[Data records]
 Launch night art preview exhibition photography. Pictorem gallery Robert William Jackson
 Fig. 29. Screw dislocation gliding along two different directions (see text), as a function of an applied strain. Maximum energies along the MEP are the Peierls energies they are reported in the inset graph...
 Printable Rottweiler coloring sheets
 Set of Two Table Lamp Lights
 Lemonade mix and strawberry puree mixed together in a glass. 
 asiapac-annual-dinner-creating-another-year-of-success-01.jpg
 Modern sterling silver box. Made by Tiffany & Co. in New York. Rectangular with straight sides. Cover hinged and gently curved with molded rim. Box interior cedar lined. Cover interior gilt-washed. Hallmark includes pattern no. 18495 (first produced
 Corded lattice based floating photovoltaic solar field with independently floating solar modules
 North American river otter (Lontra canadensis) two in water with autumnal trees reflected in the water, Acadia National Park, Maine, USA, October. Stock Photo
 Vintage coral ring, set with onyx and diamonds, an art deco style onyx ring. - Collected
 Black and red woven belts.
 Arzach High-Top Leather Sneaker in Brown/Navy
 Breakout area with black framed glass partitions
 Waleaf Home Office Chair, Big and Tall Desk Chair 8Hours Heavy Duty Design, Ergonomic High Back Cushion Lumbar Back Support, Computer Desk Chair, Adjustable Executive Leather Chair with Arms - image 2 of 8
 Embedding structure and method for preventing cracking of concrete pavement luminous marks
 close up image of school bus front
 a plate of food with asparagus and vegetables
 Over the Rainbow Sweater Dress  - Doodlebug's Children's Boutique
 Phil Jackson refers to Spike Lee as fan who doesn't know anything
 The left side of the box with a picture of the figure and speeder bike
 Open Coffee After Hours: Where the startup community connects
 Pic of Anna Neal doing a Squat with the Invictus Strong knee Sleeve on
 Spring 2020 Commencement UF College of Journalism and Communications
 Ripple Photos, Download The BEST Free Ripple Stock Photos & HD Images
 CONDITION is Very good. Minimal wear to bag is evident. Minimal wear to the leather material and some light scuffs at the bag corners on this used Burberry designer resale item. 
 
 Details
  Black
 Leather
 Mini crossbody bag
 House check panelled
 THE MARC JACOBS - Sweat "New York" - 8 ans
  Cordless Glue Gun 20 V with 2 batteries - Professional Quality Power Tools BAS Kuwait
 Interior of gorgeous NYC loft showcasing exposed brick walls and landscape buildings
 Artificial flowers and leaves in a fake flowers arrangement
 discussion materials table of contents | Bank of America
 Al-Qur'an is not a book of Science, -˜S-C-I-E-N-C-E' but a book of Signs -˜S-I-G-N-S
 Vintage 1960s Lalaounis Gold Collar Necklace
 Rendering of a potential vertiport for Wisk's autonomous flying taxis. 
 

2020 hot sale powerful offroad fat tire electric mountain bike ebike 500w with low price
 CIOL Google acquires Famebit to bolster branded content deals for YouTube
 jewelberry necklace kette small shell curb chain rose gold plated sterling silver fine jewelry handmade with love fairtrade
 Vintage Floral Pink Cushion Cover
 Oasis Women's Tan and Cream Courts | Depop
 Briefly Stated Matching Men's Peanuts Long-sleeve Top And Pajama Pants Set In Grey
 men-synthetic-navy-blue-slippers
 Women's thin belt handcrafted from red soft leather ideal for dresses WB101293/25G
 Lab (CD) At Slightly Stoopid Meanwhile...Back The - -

● **Task goal**: Quote only the lines from the line containing "discussion materials table" through the end of the entries, keeping the first and the last.

● **Written response**:
 discussion materials table of contents | Bank of America
 Al-Qur'an is not a book of Science, -˜S-C-I-E-N-C-E' but a book of Signs -˜S-I-G-N-S
 Vintage 1960s Lalaounis Gold Collar Necklace
 Rendering of a potential vertiport for Wisk's autonomous flying taxis. 
 

2020 hot sale powerful offroad fat tire electric mountain bike ebike 500w with low price
 CIOL Google acquires Famebit to bolster branded content deals for YouTube
 jewelberry necklace kette small shell curb chain rose gold plated sterling silver fine jewelry handmade with love fairtrade
 Vintage Floral Pink Cushion Cover
 Oasis Women's Tan and Cream Courts | Depop
 Briefly Stated Matching Men's Peanuts Long-sleeve Top And Pajama Pants Set In Grey
 men-synthetic-navy-blue-slippers
 Women's thin belt handcrafted from red soft leather ideal for dresses WB101293/25G
 Lab (CD) At Slightly Stoopid Meanwhile...Back The - -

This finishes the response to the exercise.